# Work item
Print exactly the lines below between the line holding "23 x 19 Inch" and the line holding "Maxani Rescue shampoo kopen? en betrouwbaar", inclusive, and nothing more.

[Data items]
((
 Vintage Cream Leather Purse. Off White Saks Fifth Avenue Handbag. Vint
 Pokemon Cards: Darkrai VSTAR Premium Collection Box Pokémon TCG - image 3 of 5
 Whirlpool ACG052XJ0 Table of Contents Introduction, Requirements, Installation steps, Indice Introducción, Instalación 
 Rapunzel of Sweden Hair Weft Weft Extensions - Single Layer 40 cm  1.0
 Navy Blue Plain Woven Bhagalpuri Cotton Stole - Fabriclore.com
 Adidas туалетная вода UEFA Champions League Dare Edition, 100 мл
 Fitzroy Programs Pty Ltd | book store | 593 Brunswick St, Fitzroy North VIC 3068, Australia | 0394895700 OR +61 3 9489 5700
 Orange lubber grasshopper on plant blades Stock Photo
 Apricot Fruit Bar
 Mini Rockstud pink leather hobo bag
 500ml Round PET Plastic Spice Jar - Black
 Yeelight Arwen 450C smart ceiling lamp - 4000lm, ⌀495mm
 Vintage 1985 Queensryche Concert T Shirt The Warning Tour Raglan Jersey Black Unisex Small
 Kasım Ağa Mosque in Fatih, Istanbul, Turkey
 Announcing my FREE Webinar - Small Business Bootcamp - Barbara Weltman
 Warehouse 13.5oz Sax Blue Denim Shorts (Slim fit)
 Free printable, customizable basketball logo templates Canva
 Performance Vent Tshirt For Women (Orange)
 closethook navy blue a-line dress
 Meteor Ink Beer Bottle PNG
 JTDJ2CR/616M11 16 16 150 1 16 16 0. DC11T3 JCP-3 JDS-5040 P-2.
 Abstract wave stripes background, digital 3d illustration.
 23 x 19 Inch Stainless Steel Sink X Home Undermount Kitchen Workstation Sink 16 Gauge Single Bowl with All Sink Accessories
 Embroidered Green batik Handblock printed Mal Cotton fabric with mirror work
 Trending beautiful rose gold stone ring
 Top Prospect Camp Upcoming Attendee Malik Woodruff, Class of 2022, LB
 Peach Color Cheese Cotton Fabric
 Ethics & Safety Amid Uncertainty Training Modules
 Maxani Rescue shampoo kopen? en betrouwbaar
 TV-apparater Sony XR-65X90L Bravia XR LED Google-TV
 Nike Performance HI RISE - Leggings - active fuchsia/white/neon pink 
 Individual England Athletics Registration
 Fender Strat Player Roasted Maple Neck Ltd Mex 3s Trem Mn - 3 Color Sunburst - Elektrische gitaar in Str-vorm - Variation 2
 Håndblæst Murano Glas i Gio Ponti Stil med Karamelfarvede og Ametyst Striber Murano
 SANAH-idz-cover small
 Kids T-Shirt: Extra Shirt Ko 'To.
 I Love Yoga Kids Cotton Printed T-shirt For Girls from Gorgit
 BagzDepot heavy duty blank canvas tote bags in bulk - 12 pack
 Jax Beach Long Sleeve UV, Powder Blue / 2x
))
# Completed exercise
 23 x 19 Inch Stainless Steel Sink X Home Undermount Kitchen Workstation Sink 16 Gauge Single Bowl with All Sink Accessories
 Embroidered Green batik Handblock printed Mal Cotton fabric with mirror work
 Trending beautiful rose gold stone ring
 Top Prospect Camp Upcoming Attendee Malik Woodruff, Class of 2022, LB
 Peach Color Cheese Cotton Fabric
 Ethics & Safety Amid Uncertainty Training Modules
 Maxani Rescue shampoo kopen? en betrouwbaar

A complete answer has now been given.